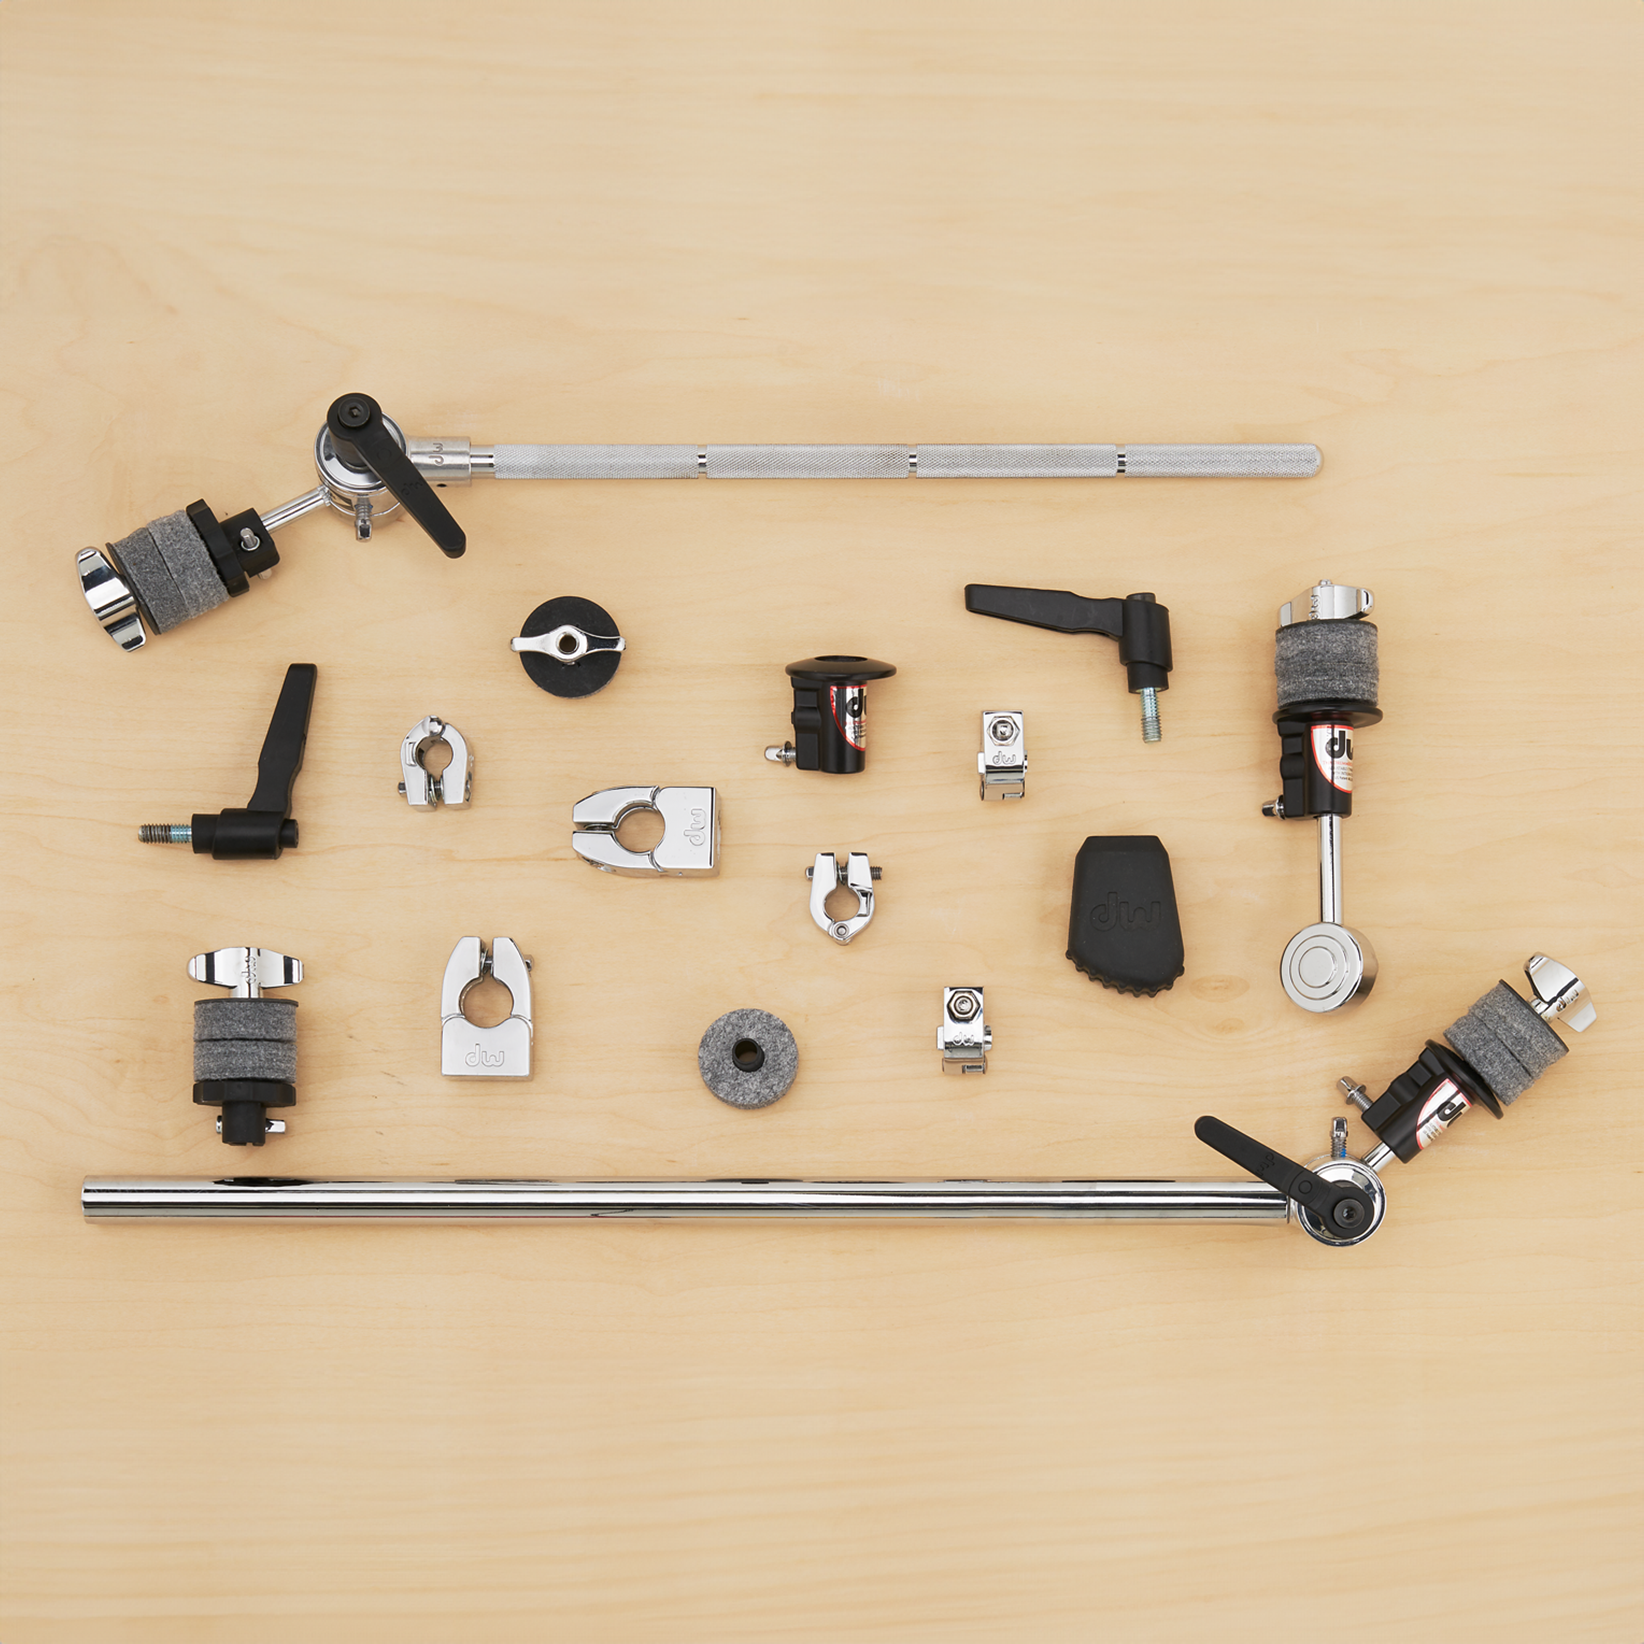 This collection of DW cymbal stand parts includes toothless tilters, tubing, memory locks, felts, replacement feet, and more.
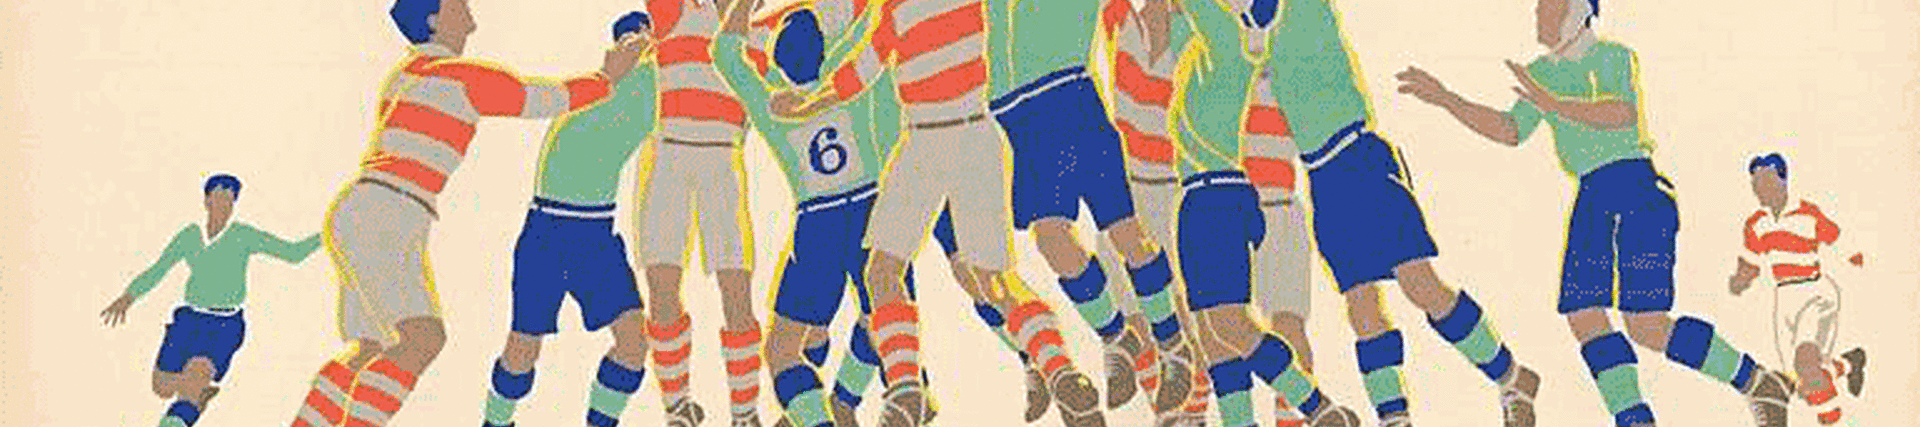 A poster of a Rugby League game
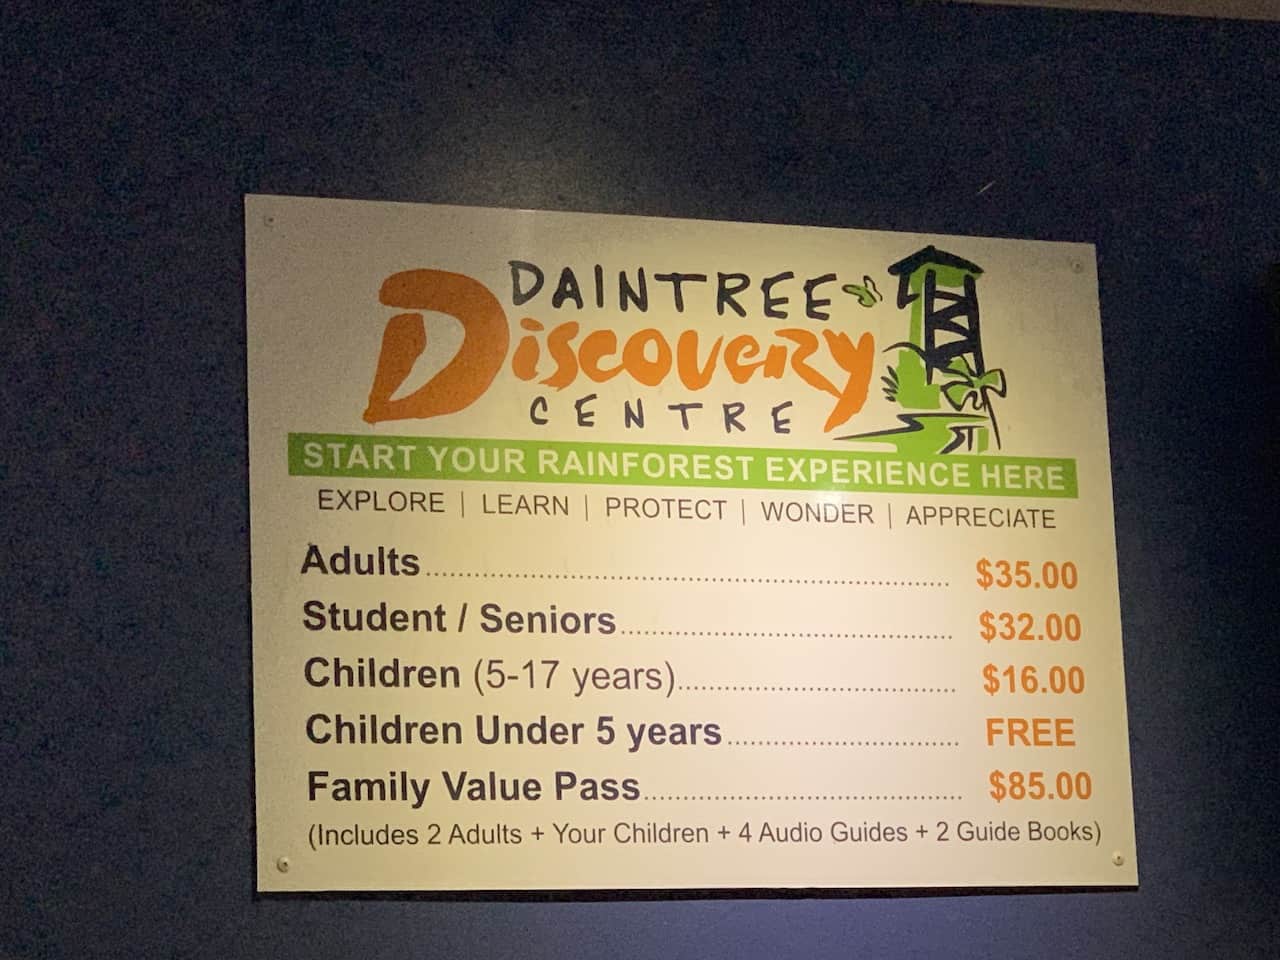 Daintree Discovery Centre Prices

§ ABOUT THIS TASK:
Every line above is to be returned exactly, with its pictures removed.

§ EXERCISE ANSWER:
 This collection of DW cymbal stand parts includes toothless tilters, tubing, memory locks, felts, replacement feet, and more.
 A poster of a Rugby League game
 Daintree Discovery Centre Prices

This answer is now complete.